Application构造器采用许多关键字参数，可用于定制应用程序的行为和启用可选功能。查看Application.settings获取完整列表。

RequestHandler子类

Subclassing RequestHandler

大部分Tornado Web应用程序的工作是RequestHandler子类完成的。主入口点的处理程序子类(handler subclass)是正在处理的HTTP方法(get(), post())的方法命名。例如，每个handler可以定义这些方法中的一种或多种，以处理不同的HTTP动作。如上所述，这些方法将于对应于匹配的路由规则的捕获组参数来调用。

在处理程序内部，调用如RequestHandler.render或RequestHandler.write来产生响应(response)。render()通过名称加载一个模板，并与给定的参数来渲染它。write()被用于非基于模板(non-template-based)输出。它接受字符串，字节和字典(字典被编码为json)。

ReqestHandler中的许多方法都设计在子类中重写(overridden)，并在整个application中使用。这是常见的定义BaseHandler类，覆盖方法如write_error, get_current_user，并为你所有指定的handler继承BaseHandler而不是RequestHandler。

处理请求输入

Handling request input

request handler可以访问表示与self.quest获取当前请求的对象。查看HTTPServerRequest类来获取完整的列表。

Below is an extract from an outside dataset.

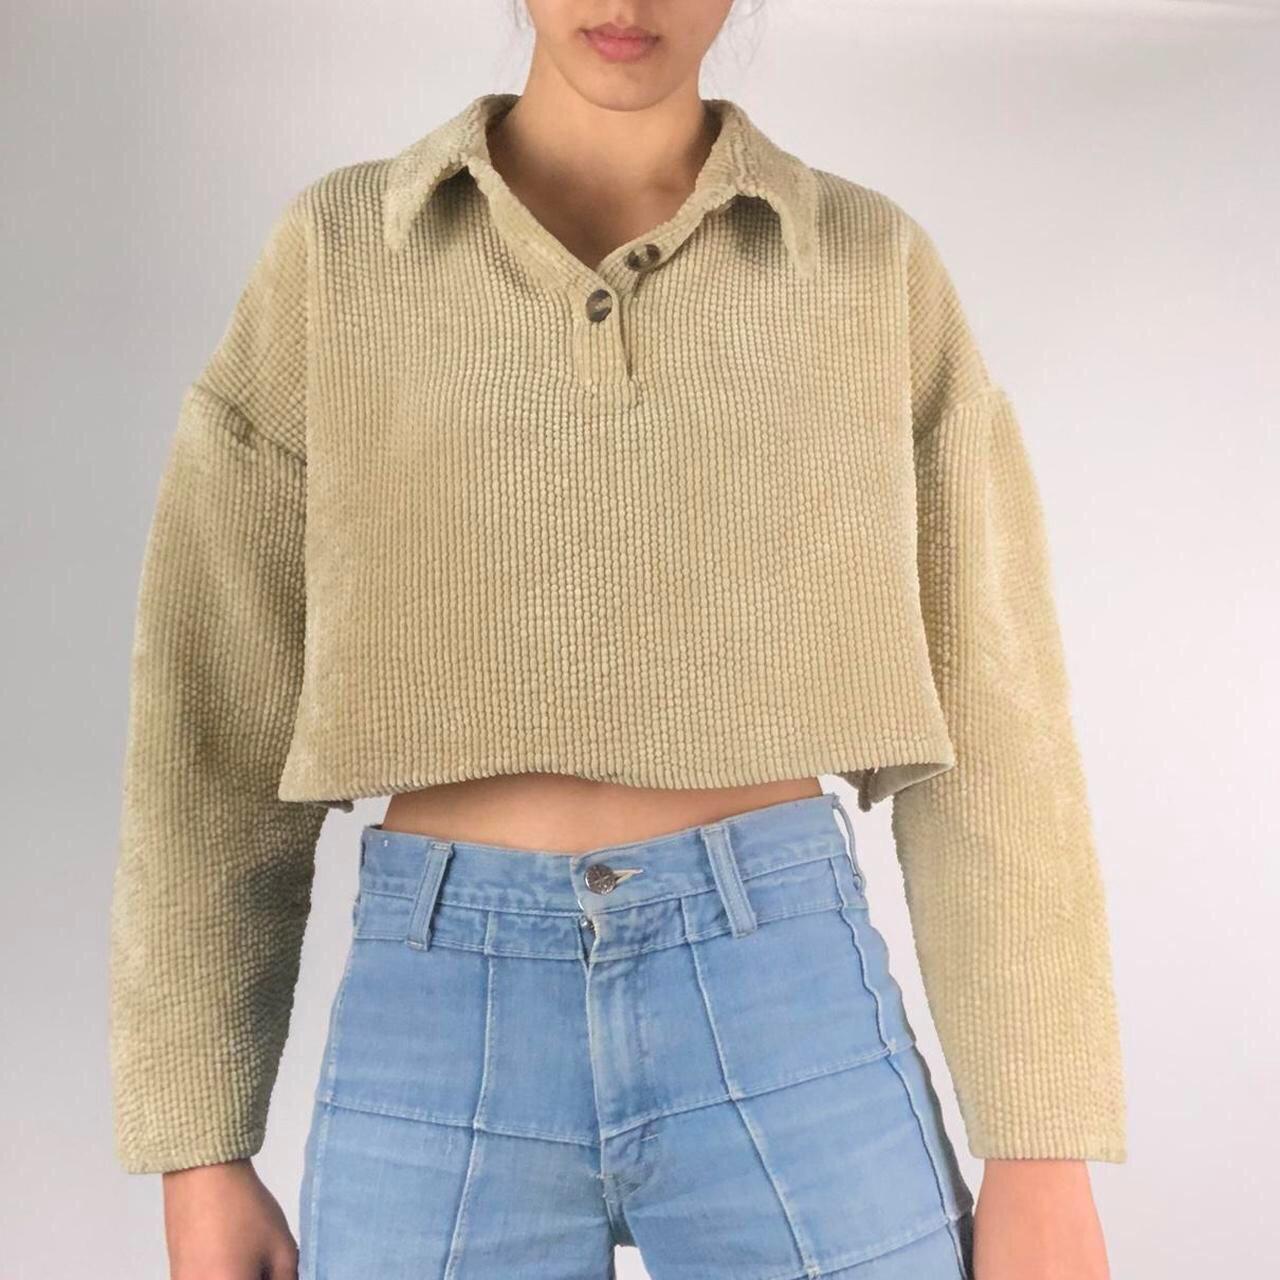 Product Image 3 - Tan cropped long sleeve sweater

通过HTML表单中使用的格式请求的数据将为你解析，并在如get_query_argument和get_body_argument方法中可用。

 1
 2
 3
 4
 5
 6
 7
 8
 9
10


class MyFormHandler(tornado.web.RequestHandler):
    def get(self):
        self.write('<html><body><form action="/myform" method="POST">'
                   '<input type="text" name="message">'
                   '<input type="submit" value="Submit">'
                   '</form></body></html>')

    def post(self):
        self.set_header("Conten-Type", "text/plain")
        self.write("You wrote" + self.get_body_argument)

由于HTML表单的编码是模糊的，以元素中的一个参数是否为单一值(single value)或一个列表，RequestHandler有独特的方法，以允许application表明它是否期望一个列表。对于列表，使用get_query_arguments和get_body_arguments来代替它们的singular counterparts。

通过表单上传的文件在self.request.files可用，它映射名称(html input type="file"元素)到一个文件列表。每个文件是{"filename":..., "content_type":..., "body":...}格式的字典。files对象仅表示文件是否以一种form wrapper上传(如multipart/form-data 内容类型)。如果不使用这种格式，原始上传数据在self.request.body可用。默认情况下上传的文件在内存中完全缓冲(fully buffered)。如果你要处理的文件太大，但想在内存中舒适保存，可参考stream_request_body类装饰器。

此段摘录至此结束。